» ACTIVITY:
Please copy the listing that follows exactly, leaving out any pictures.

» GIVEN DATA:
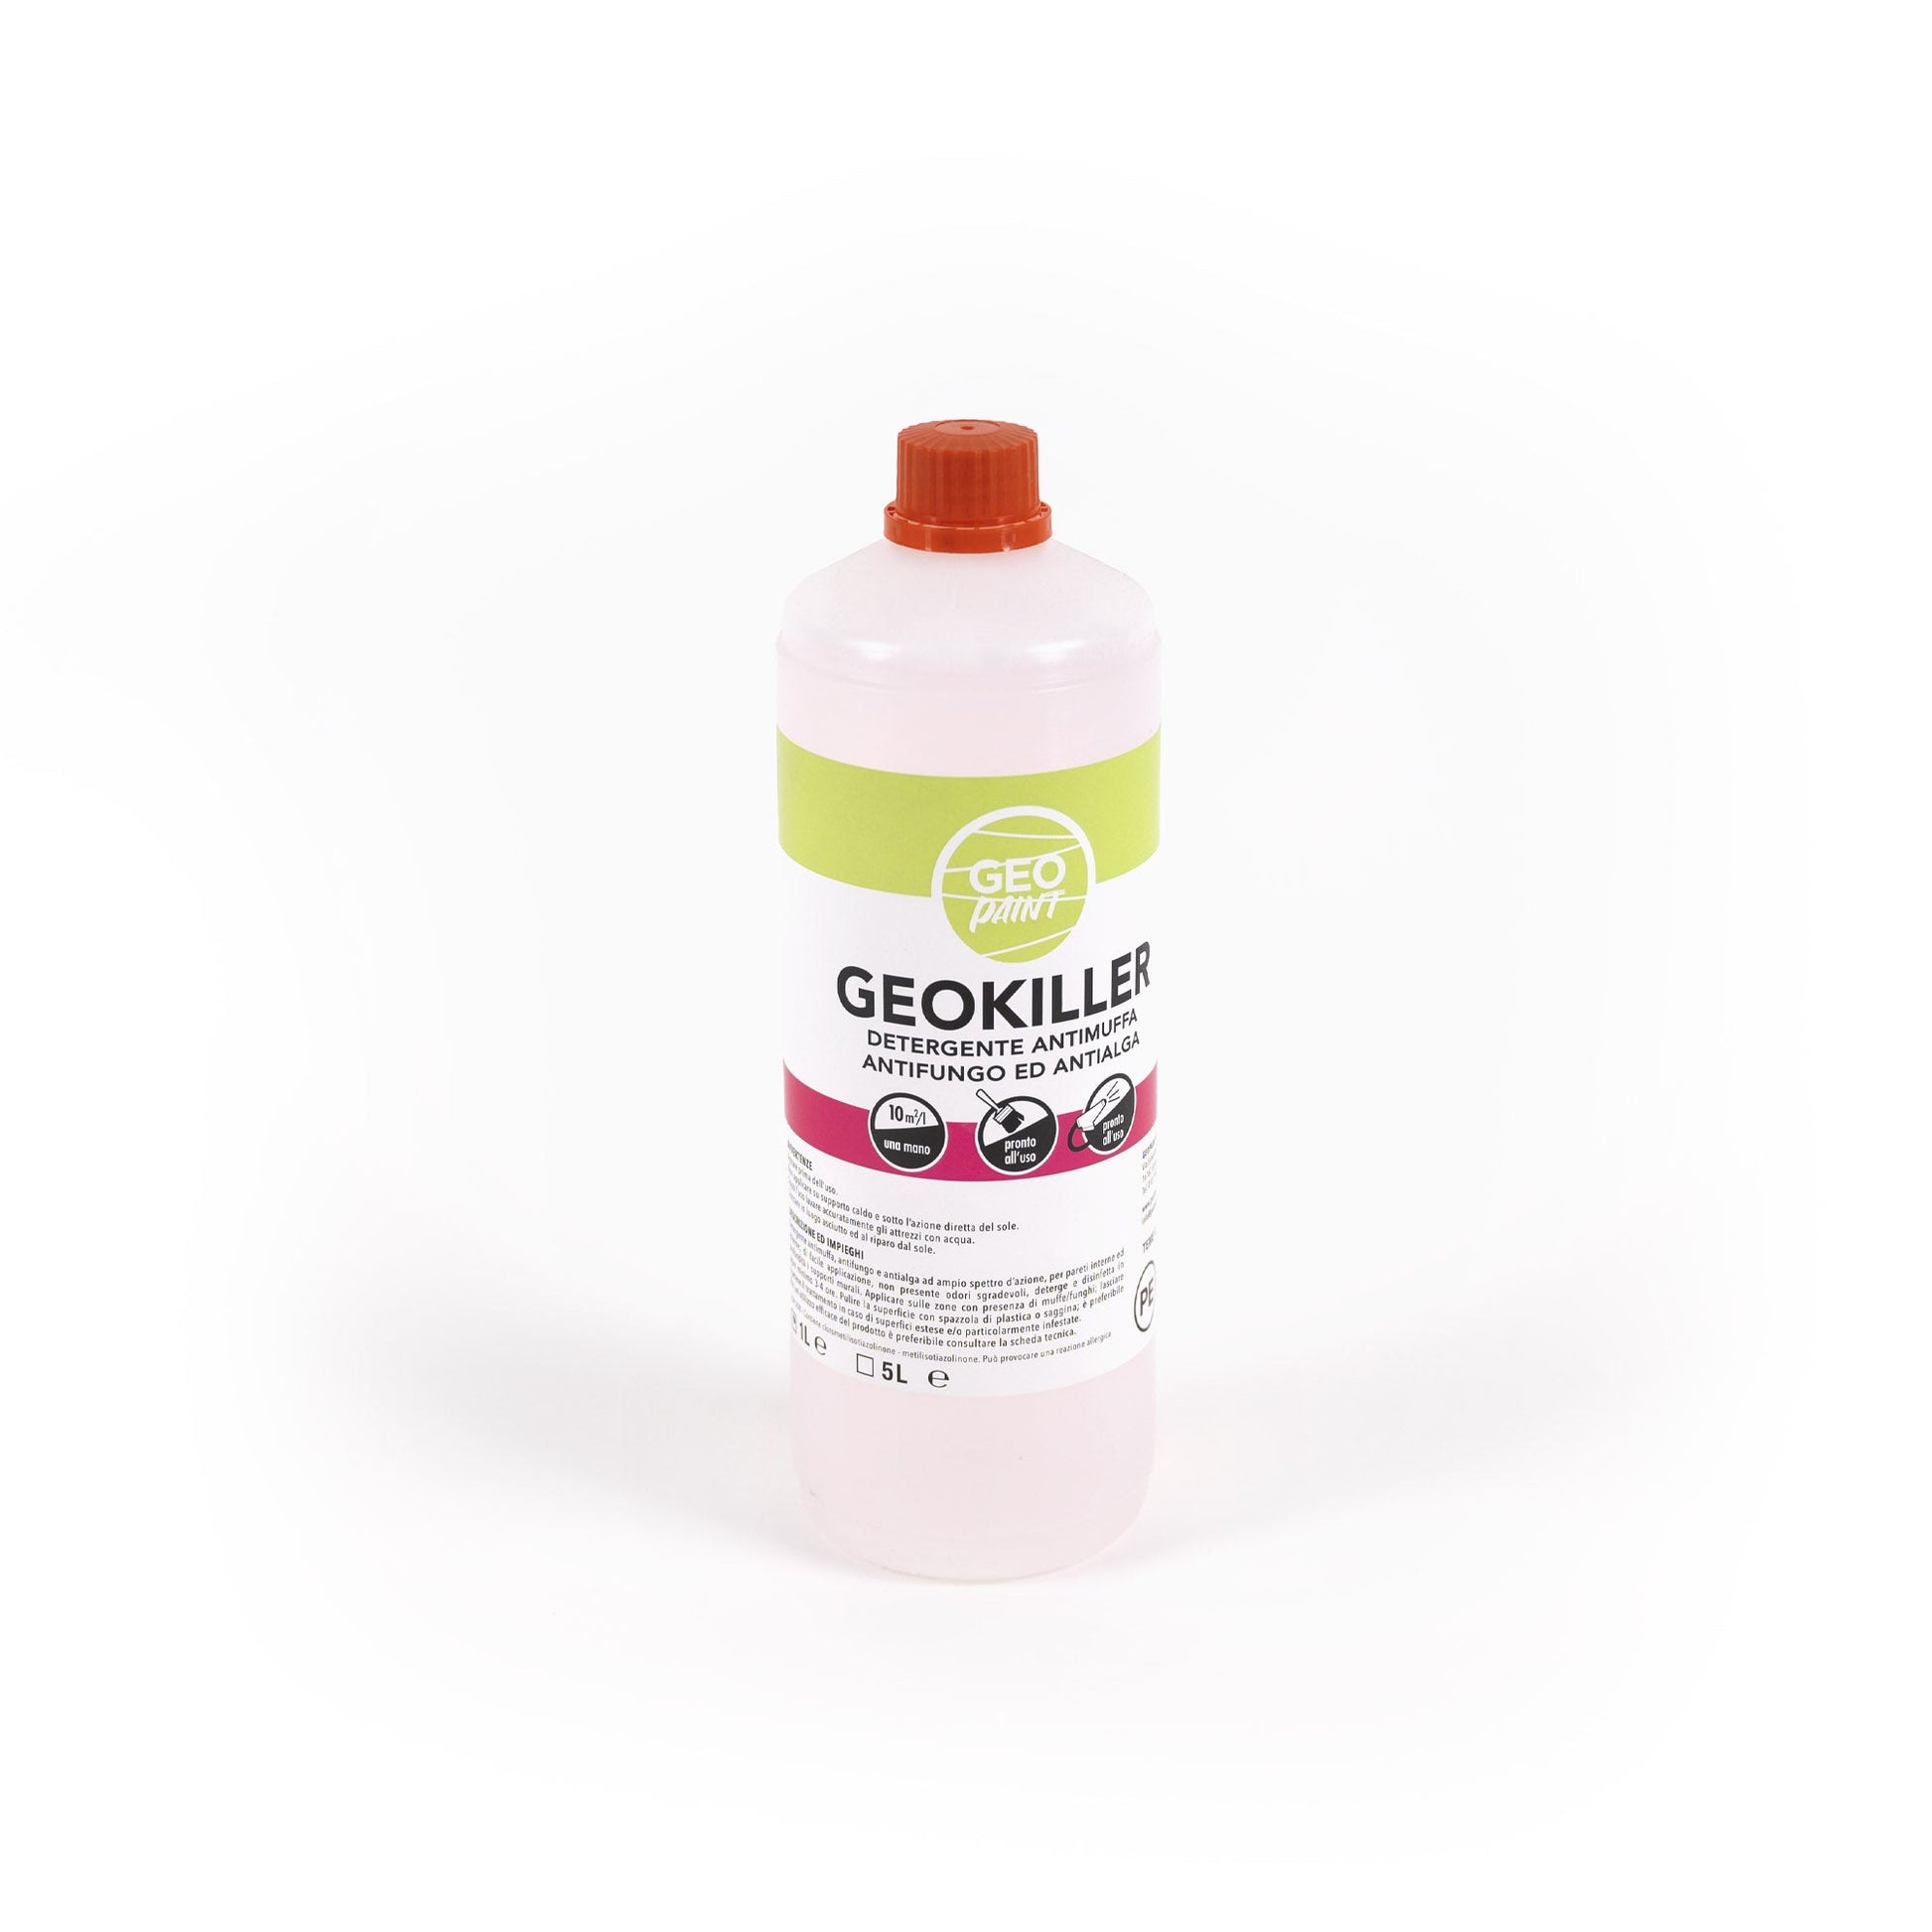 Geokiller-Fissativo-antimuffa-consolidante-colorificio-GeoPaint
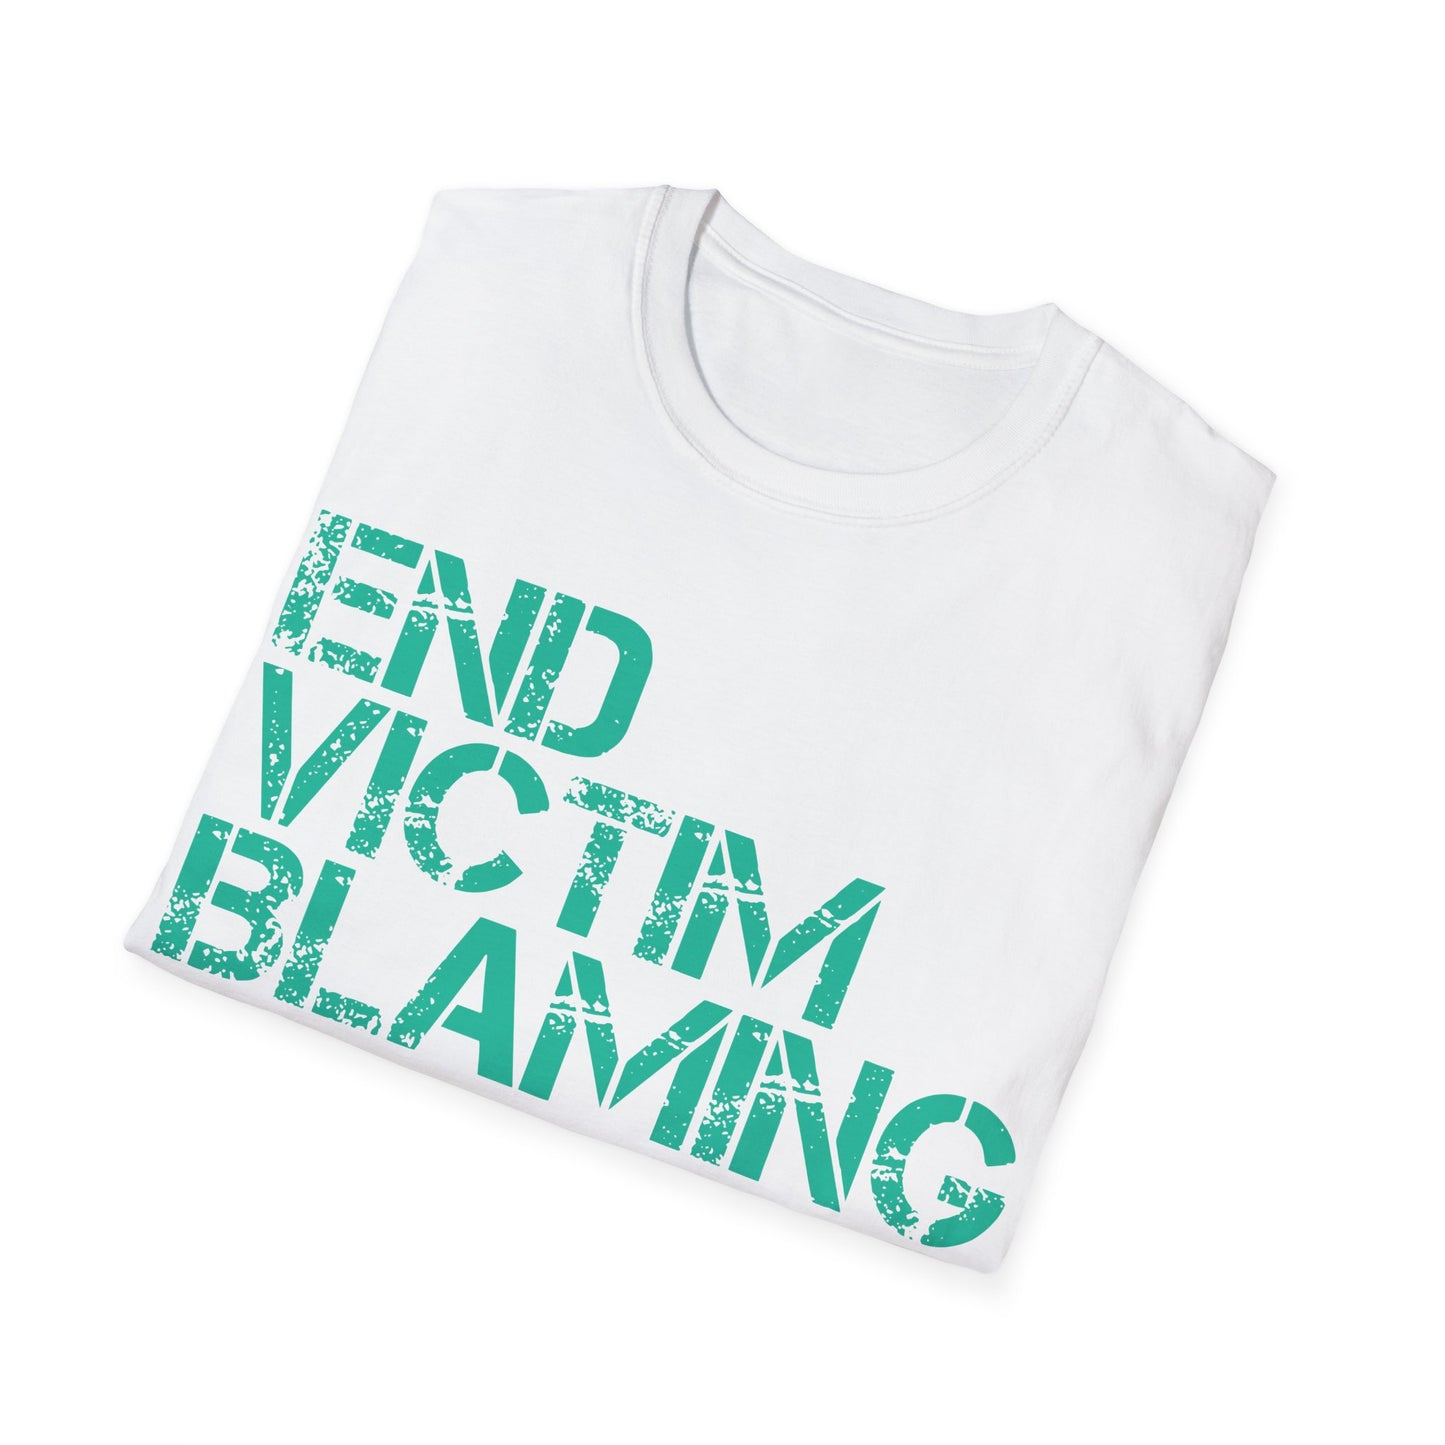 End Victim Blaming
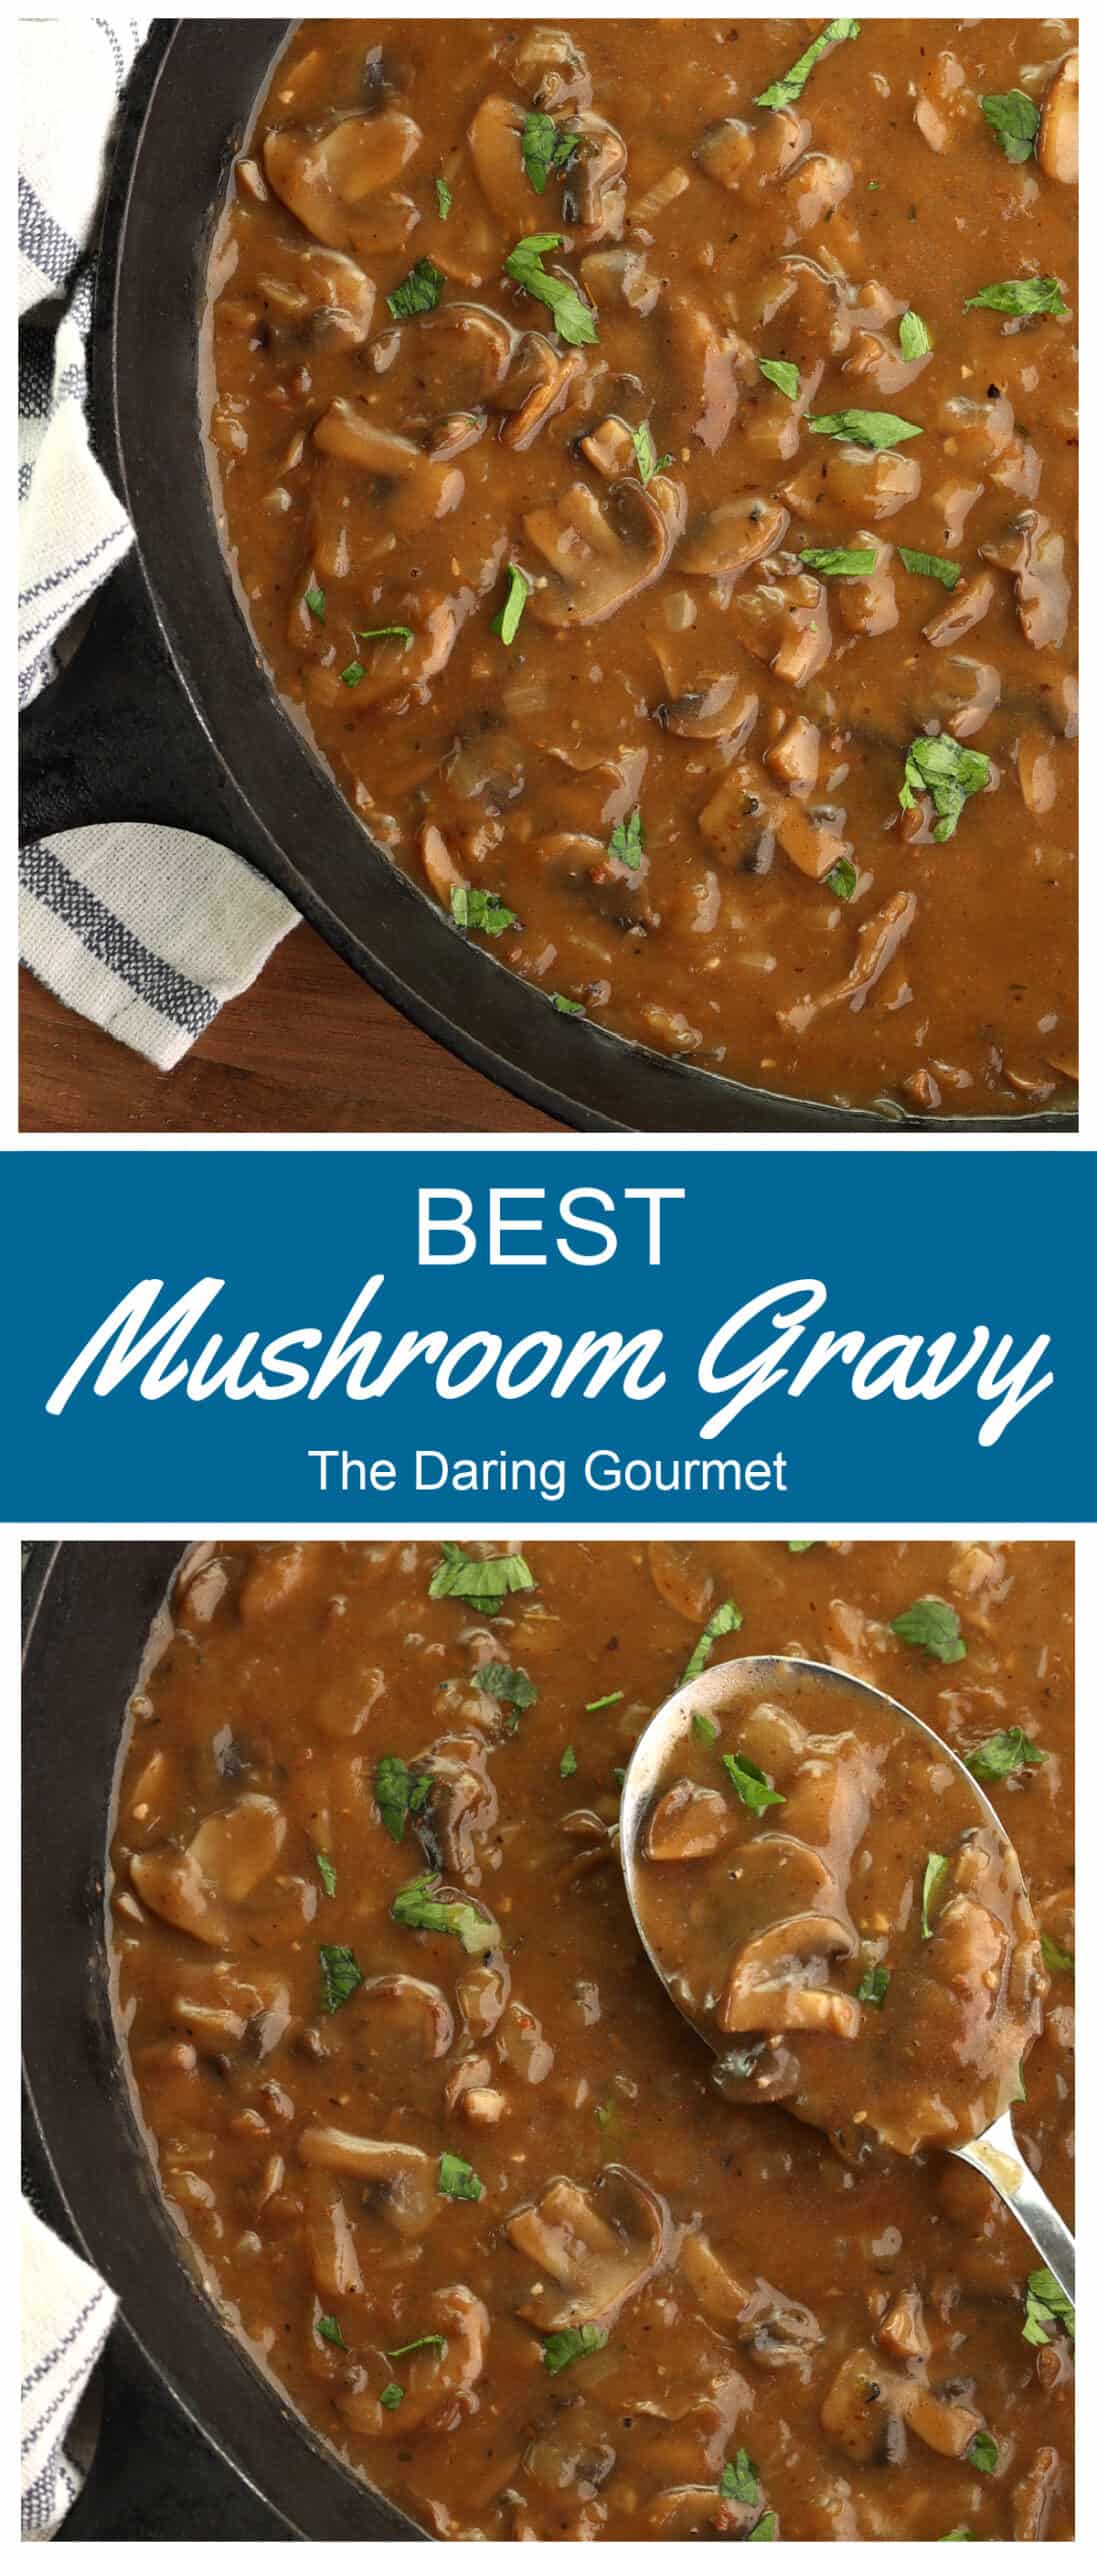 mushroom gravy recipe best homemade from scratch brown sauce

» YOUR RESPONSE:
 Geokiller-Fissativo-antimuffa-consolidante-colorificio-GeoPaint
 End Victim Blaming
 mushroom gravy recipe best homemade from scratch brown sauce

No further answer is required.